Cards on the table – unlike a fair number of lawyers, I don't see how you can make the case that legal aid can avoid cuts at a time of hugely strained public finances.

On balance, there is also something to the Government's argument that legal aid in England and Wales is relatively costly by international standards, even if the case has been overstated and some of the reasons for that expense are in dispute.

I also don't see how the Liberal Democrats can be condemned for not implementing their manifesto in Government. They are very much the junior partner in the coalition – they didn't get anywhere near winning.
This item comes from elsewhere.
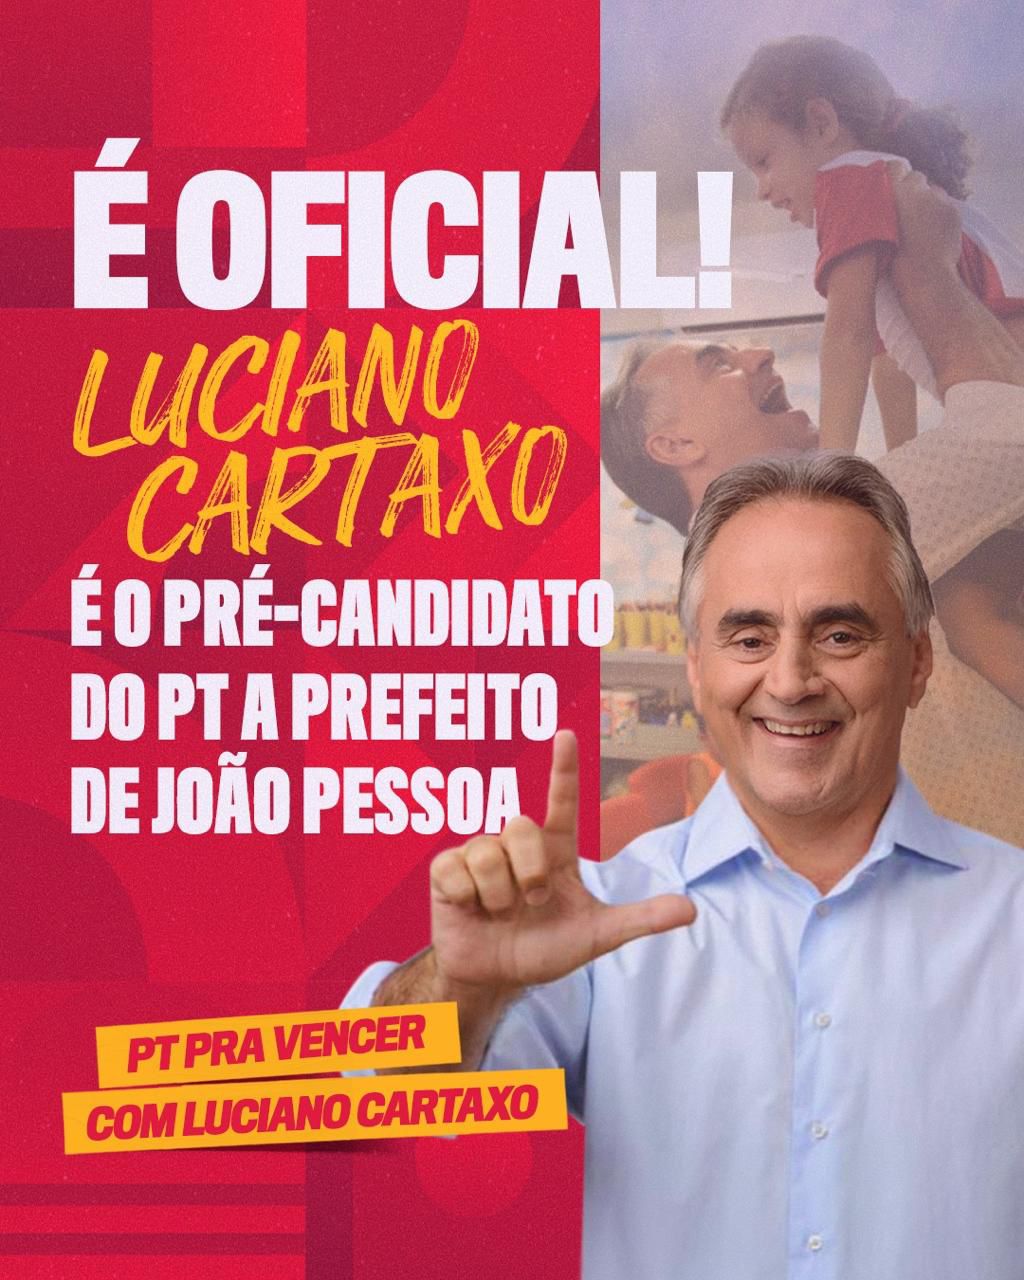 Luciano Cartaxo tem pré-candidatura a prefeito de João Pessoa homologada pelo PT: “Voltaremos a cuidar das pessoas!”

But, accepting all that, it's high time – maybe the last available moment – to put some pressure on the Liberal Democrats to extract some meaningful compromises on the Legal Aid, Sentencing and Punishment of Offenders Bill. It's a piece of legislation that been rushed through clearly in the expectation by the Government that it will face no potent opposition.

So far that calculation has proved largely correct. Whatever you feel about legal aid, it's a good rule of thumb that such a dynamic, lacking rigorous debate and Parliamentary scrutiny, often leads to messy legislation or the laws of unintended consequence, an outcome that looks likely here.

And there are elements in the bill which just look plain wrong-headed. If there's a credible case for clause 12, which paves the way to means-test legal aid for those held in police custody, a measure introduced after a string of miscarriages of justice, I haven't seen it.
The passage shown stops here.